Para agradecer este premio a la Universidad, a la Fundación y también a editorial Overol que le dio vida al libro, voy a contar una historia cortita: Yo estudié en esta universidad. Le estoy agradecida y le guardo rencor casi en partes iguales. Tuve profesoras y profesores maravillosos, inspiradoras y apasionadas. Tuve profesores mediocres y abusivos cuyos escándalos explotaron poco tiempo después de que yo egresara. Pero hay un episodio que atesoro y se los cuento ahora porque creo que algo de él estructura todo mi trabajo como profesora, como historiadora y también como autora del libro que me hizo ganar este premio.

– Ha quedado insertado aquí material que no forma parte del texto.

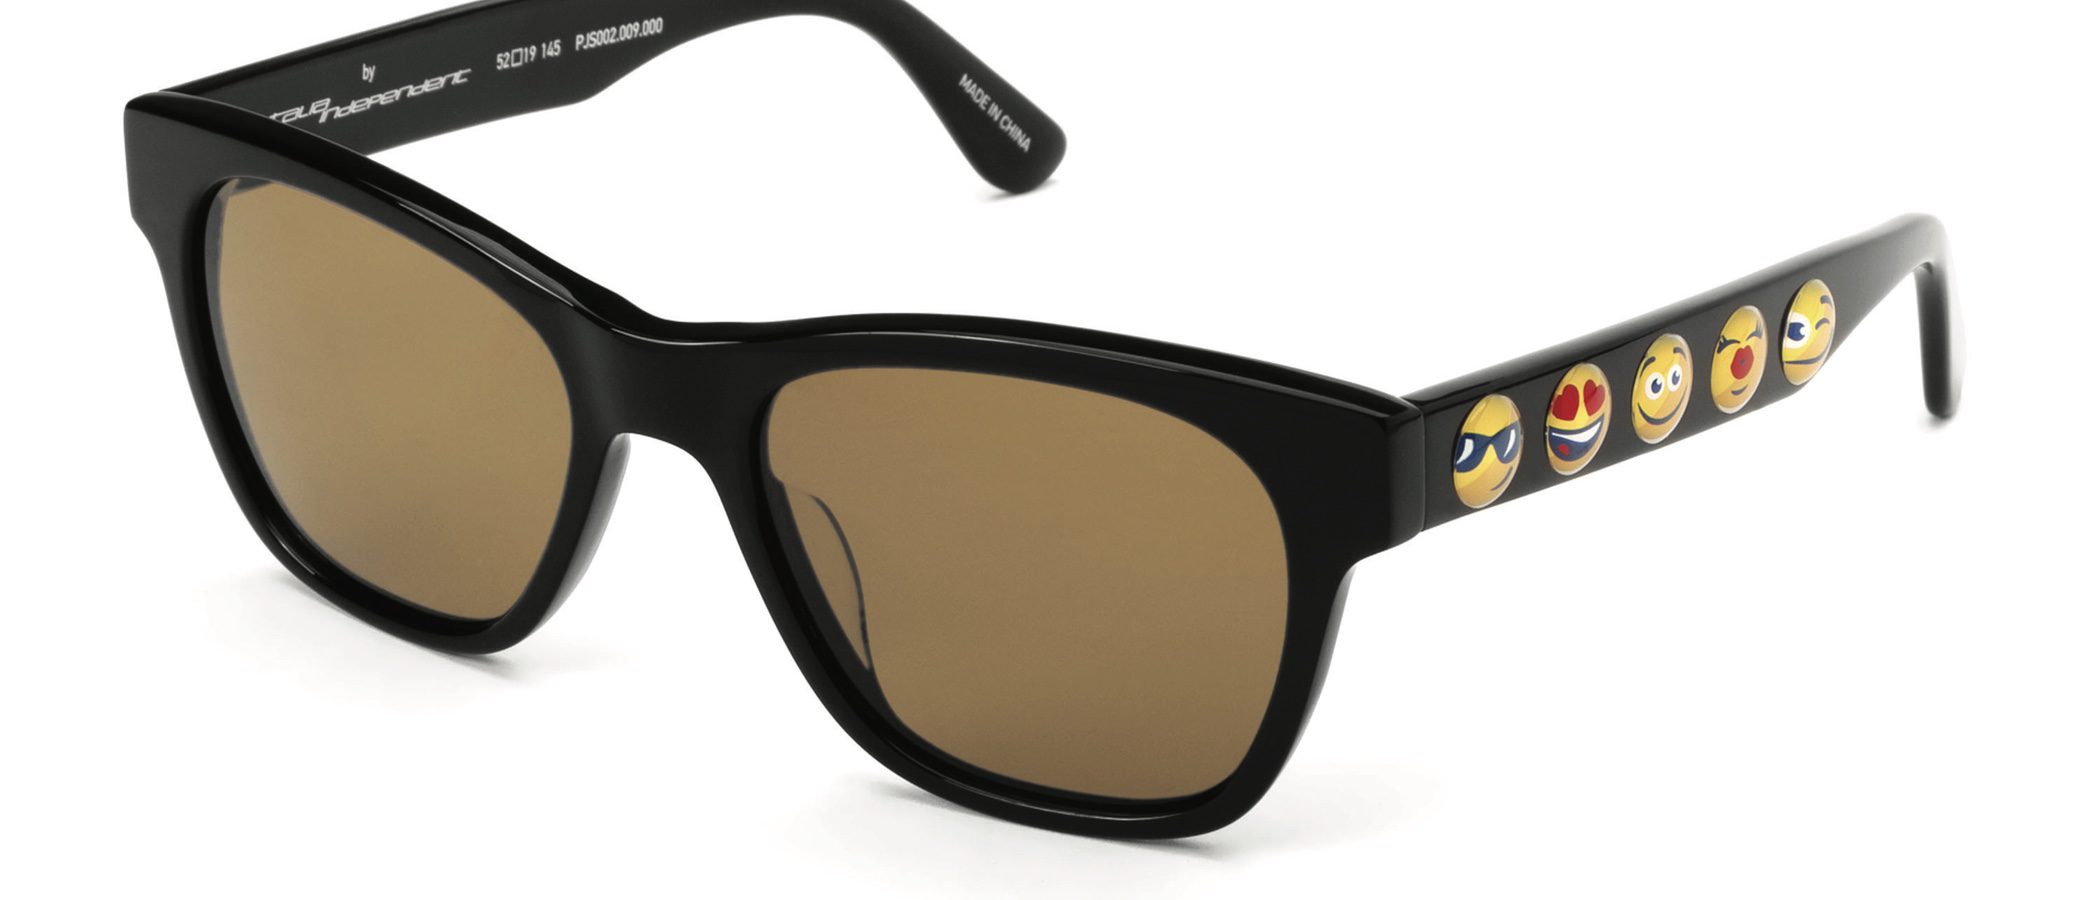 El diseñador Jeremy Scott crea una línea de gafas de sol exclusiva para Italia Independent

En el examen de grado del magíster que yo cursé, el Magíster en Estudios Culturales, al defender mi tesis sobre un movimiento de profesores normalistas de los años 20, cuando la comisión ya había dado por cerrada la evaluación, un profesor pidió hacer una última pregunta.
Yo, que siempre pienso que no sé lo suficiente, dije listo, acá me caigo, me va a preguntar de alguna corriente teórica que yo no manejo bien o de algún libro que no alcancé a leer. El profesor, en cambio, hizo una pregunta muy distinta. Me miró fijo y me dijo: Una última cosa antes de que se vaya, Belén. Cuénteme, ¿qué quería decir usted con esta tesis? No le estoy pidiendo un resumen de su investigación, le estoy pidiendo que me diga que le quería decir usted al mundo con este trabajo.
Yo pude haberme puesto nerviosa por no tener clara una respuesta, pero lo cierto es que llevaba años esperando que alguien, algún alma sensata que entendiera bien lo que es la docencia y la historiografía, me hiciera esa pregunta, que alguien supiera que cuando una escribe e investiga, trabaja muchos años para decir una cosa chiquita, sencilla, casi doméstica, nada del otro mundo, y que sin embargo se ha invertido la vida entera en elaborarla.
Le respondí a ese profesor, aguantando el llanto: Lo que yo quería decir con esta tesis es que las profesoras tenemos que escribir, que escribir sirve para liberarnos de los mandatos y para organizar el saber propio. Quise decir que la historia demuestra que los docentes cuando escribieron novelas, diarios y revistas, se volvieron productores de conocimiento y eso le hizo bien a ellos, a la educación, a todo este país. El profesor sonrió satisfecho. Su sonrisa fue mi calificación más alta.
Ese profesor fue parte del jurado que premió mi novela. Estoy segura de que no se acuerda de mí, que fui una de las decenas o cientos de tesis de grado que tuvo que leer en su vida y que jamás asoció ese examen de grado ocurrido hace una década atrás con la autora que leyó y decidió premiar. Pero algo de esta coincidencia me afirma un hecho y es que cuando escribo y me enredo, algo que pasa más a menudo de lo que yo quisiera, me acuerdo de él, vuelvo a su pregunta. Respiro frente al teclado, tratando de dibujarle una puerta a ese callejón sin salida que es la escritura y me digo en voz alta: señorita Belén, antes de que se vaya, ¿qué le quiere decir al mundo usted con este párrafo? Y algo en mí se aclara cuando agarro el salvavidas que fue su voz y me invito, como lo hizo él, a decir las cosas importantes de manera sencilla, sin sacrificar la verdad.
Mi libro lo han leído personas adultas muy instruidas y estudiantes de séptimo básico. Adultos mayores y universitarios. Hace unos meses supe que fue el primer libro que leyó la mamá de una de mis mejores amigas, una señora que no terminó el colegio pero que cose a la perfección. Supongo que eso se debe, en parte, a ese examen de grado, a que dejé a los malos docentes en el olvido que merecen y me llevé a los que hacían buenas preguntas. Esta novela fue mi respuesta.